In dit voorbeeld wordt een container gemaakt met de naam my-file-system
.
$filesystemName = "my-file-system"
New-AzStorageContainer -Context $ctx -Name $filesystemName
Een map maken
Maak een mapverwijzing met behulp van de cmdlet New-AzDataLakeGen2Item .
In dit voorbeeld wordt een map met de naam my-directory
toegevoegd aan een container.
$filesystemName = "my-file-system"
$dirname = "my-directory/"
New-AzDataLakeGen2Item -Context $ctx -FileSystem $filesystemName -Path $dirname -Directory
In dit voorbeeld wordt dezelfde map toegevoegd, maar worden ook de machtigingen, umask, eigenschapswaarden en metagegevenswaarden ingesteld.
$dir = New-AzDataLakeGen2Item -Context $ctx -FileSystem $filesystemName -Path $dirname -Directory -Permission rwxrwxrwx -Umask ---rwx--- -Property @{"ContentEncoding" = "UDF8"; "CacheControl" = "READ"} -Metadata @{"tag1" = "value1"; "tag2" = "value2" }
Mapeigenschappen weergeven
In dit voorbeeld wordt een map opgehaald met behulp van de cmdlet Get-AzDataLakeGen2Item en worden de eigenschapswaarden vervolgens afgedrukt naar de console.

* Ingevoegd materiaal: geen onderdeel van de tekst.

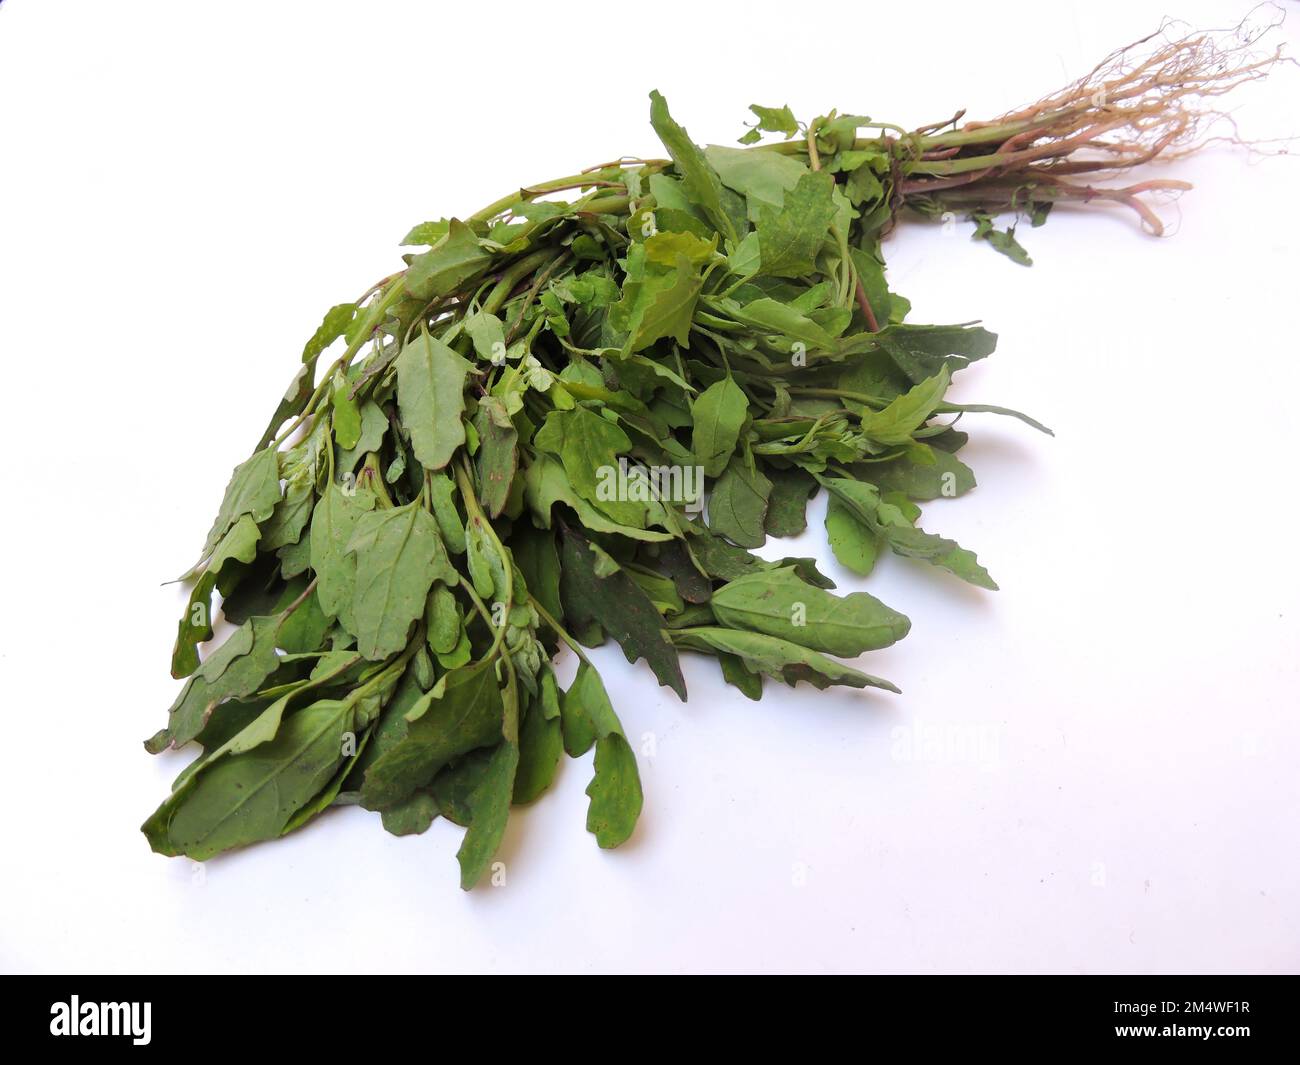 Leafy vegetable - White goose foot. Scientific name - Chenopodium album. It is extensively cultivated and consumed in North and Northeast India. Stock Photo

$filesystemName = "my-file-system"
$dirname = "my-directory/"
$dir = Get-AzDataLakeGen2Item -Context $ctx -FileSystem $filesystemName -Path $dirname
$dir.ACL
$dir.Permissions
$dir.Group
$dir.Owner
$dir.Properties
$dir.Properties.Metadata
Notitie
Als u de hoofdmap van de container wilt ophalen, laat u de -Path
parameter weg.
De naam van een map wijzigen of verplaatsen
Wijzig de naam van een map of verplaats deze met behulp van de cmdlet Move-AzDataLakeGen2Item .
In dit voorbeeld wordt de naam van een map gewijzigd van de naam my-directory
in de naam my-new-directory
.
$filesystemName = "my-file-system"
$dirname = "my-directory/"
$dirname2 = "my-new-directory/"
Move-AzDataLakeGen2Item -Context $ctx -FileSystem $filesystemName -Path $dirname -DestFileSystem $filesystemName -DestPath $dirname2
Notitie
Gebruik de -Force
parameter als u wilt overschrijven zonder prompts.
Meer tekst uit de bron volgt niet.